• Directions: Only one stretch of the data is wanted: the line containing "231 suffered an", the line containing "on these data?", and every line between them, copied exactly.

• Supplied records:

===

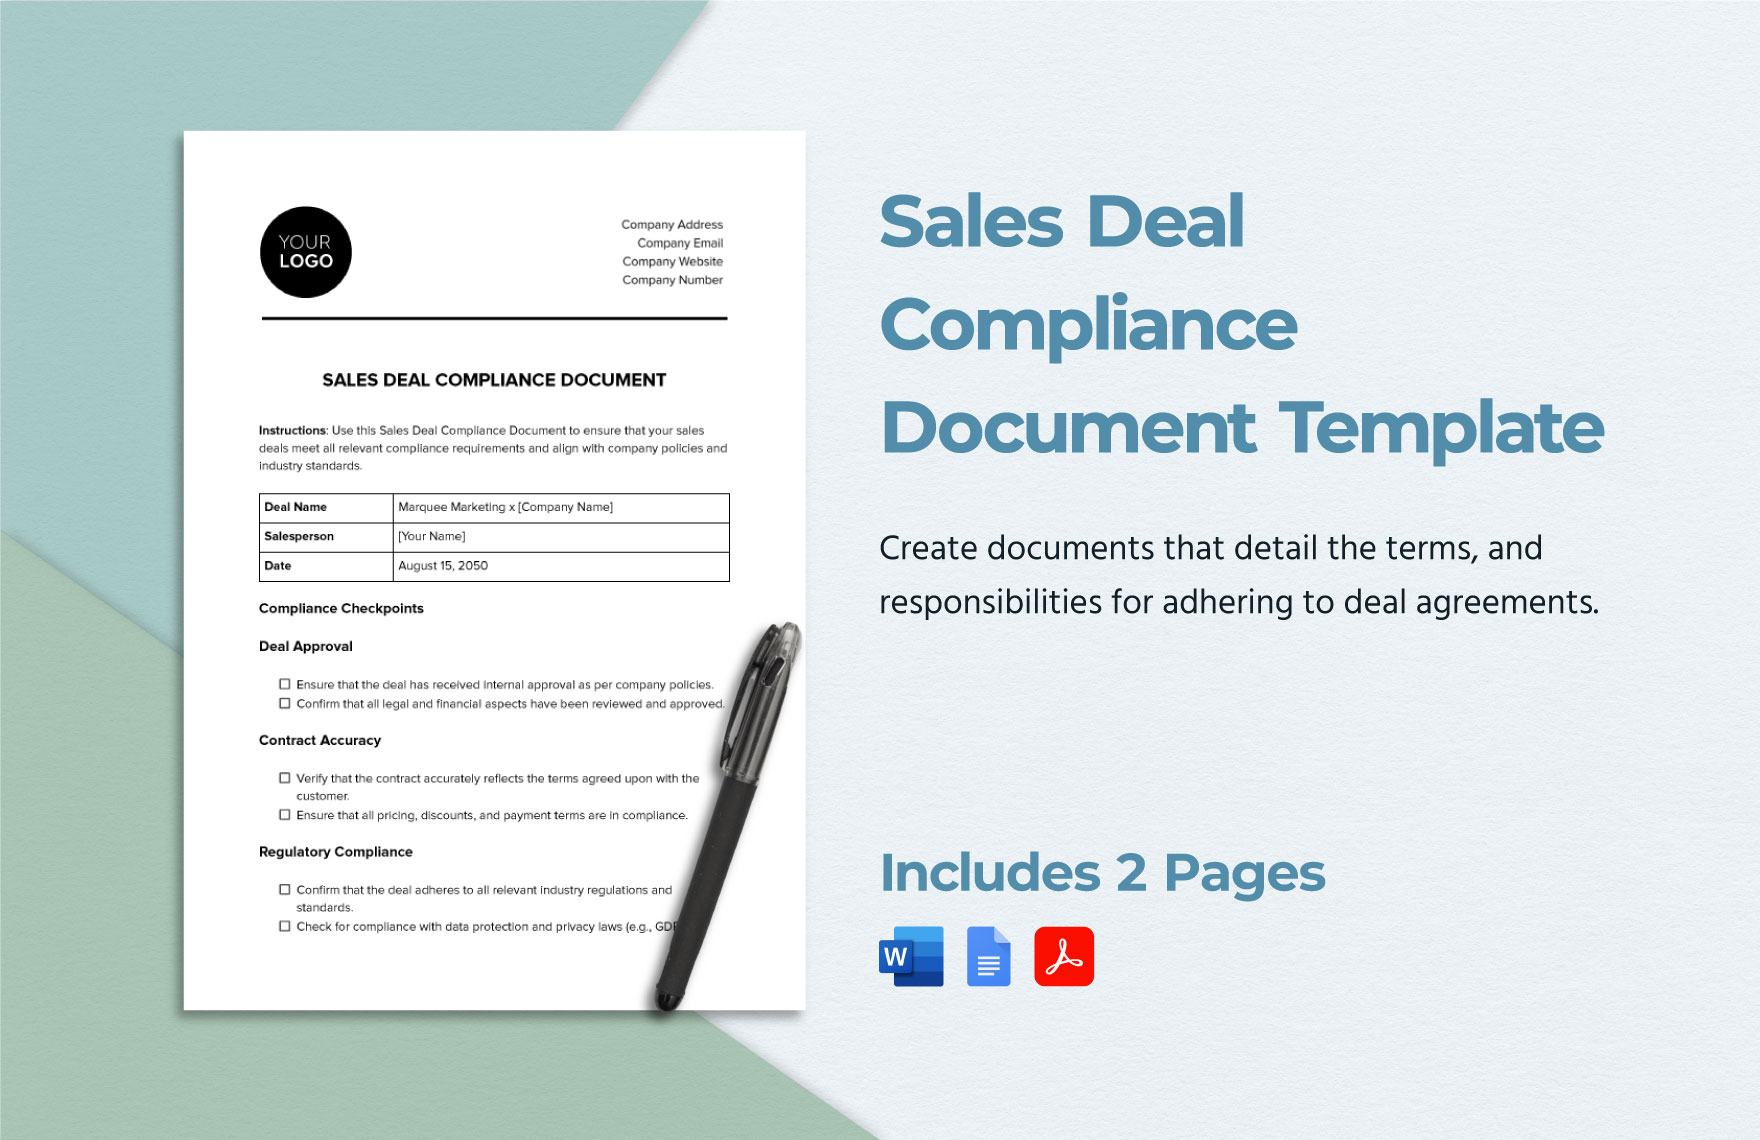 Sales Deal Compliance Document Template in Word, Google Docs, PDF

===

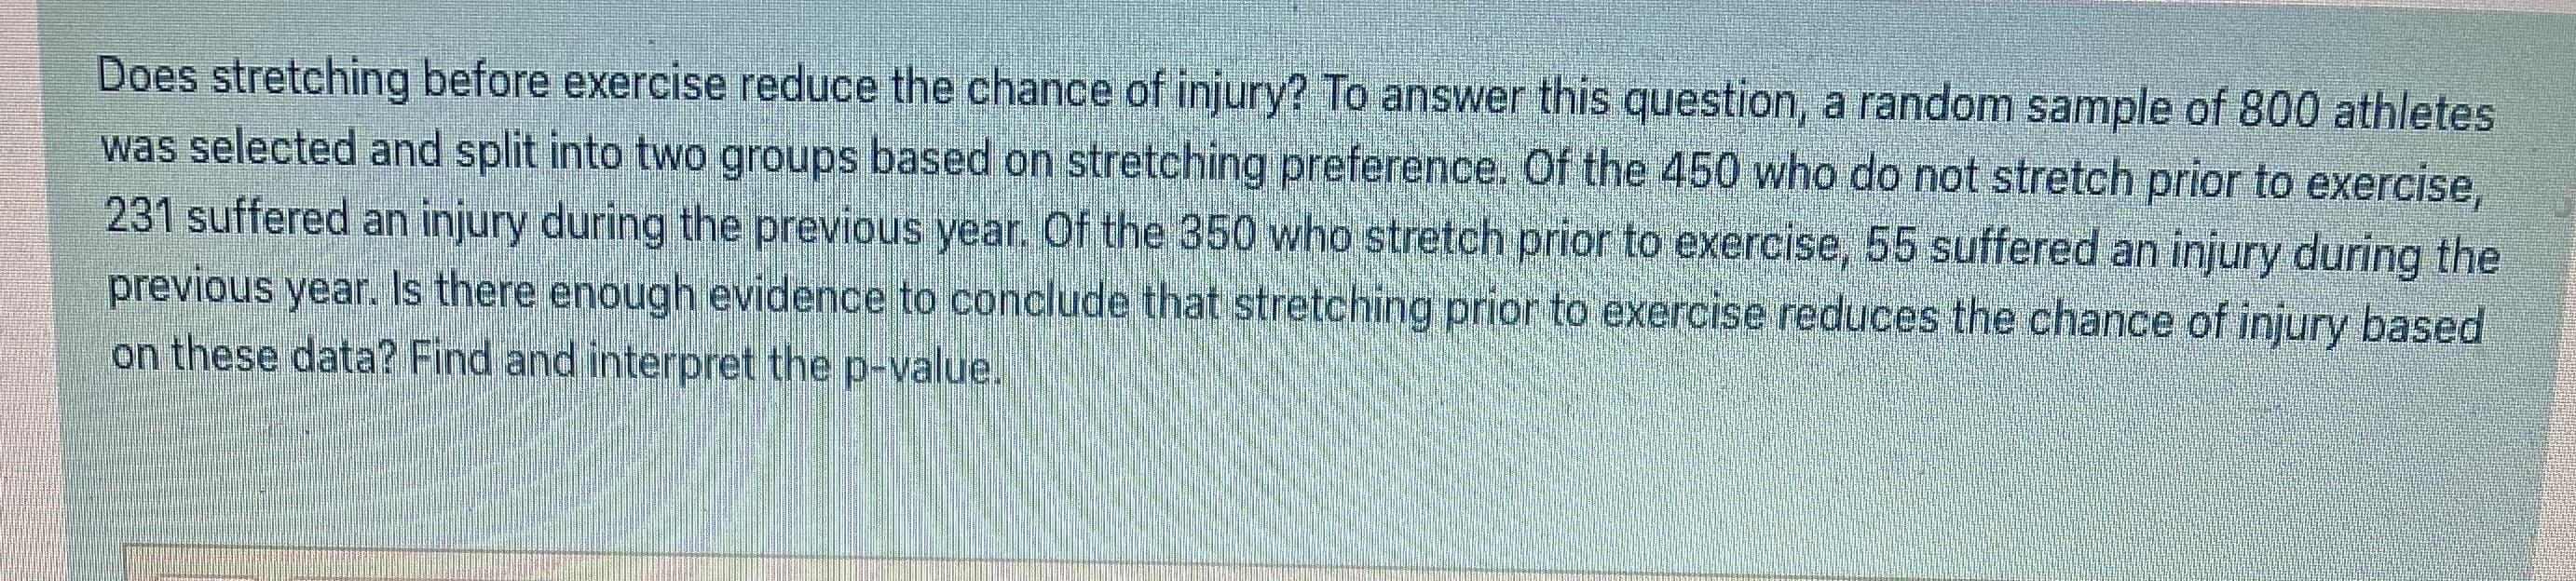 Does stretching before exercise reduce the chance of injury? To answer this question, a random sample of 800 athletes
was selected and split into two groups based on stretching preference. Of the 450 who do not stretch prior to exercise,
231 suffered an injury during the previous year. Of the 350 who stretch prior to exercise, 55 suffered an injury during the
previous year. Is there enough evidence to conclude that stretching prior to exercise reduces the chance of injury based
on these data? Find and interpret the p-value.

===

• Response below:
231 suffered an injury during the previous year. Of the 350 who stretch prior to exercise, 55 suffered an injury during the
previous year. Is there enough evidence to conclude that stretching prior to exercise reduces the chance of injury based
on these data? Find and interpret the p-value.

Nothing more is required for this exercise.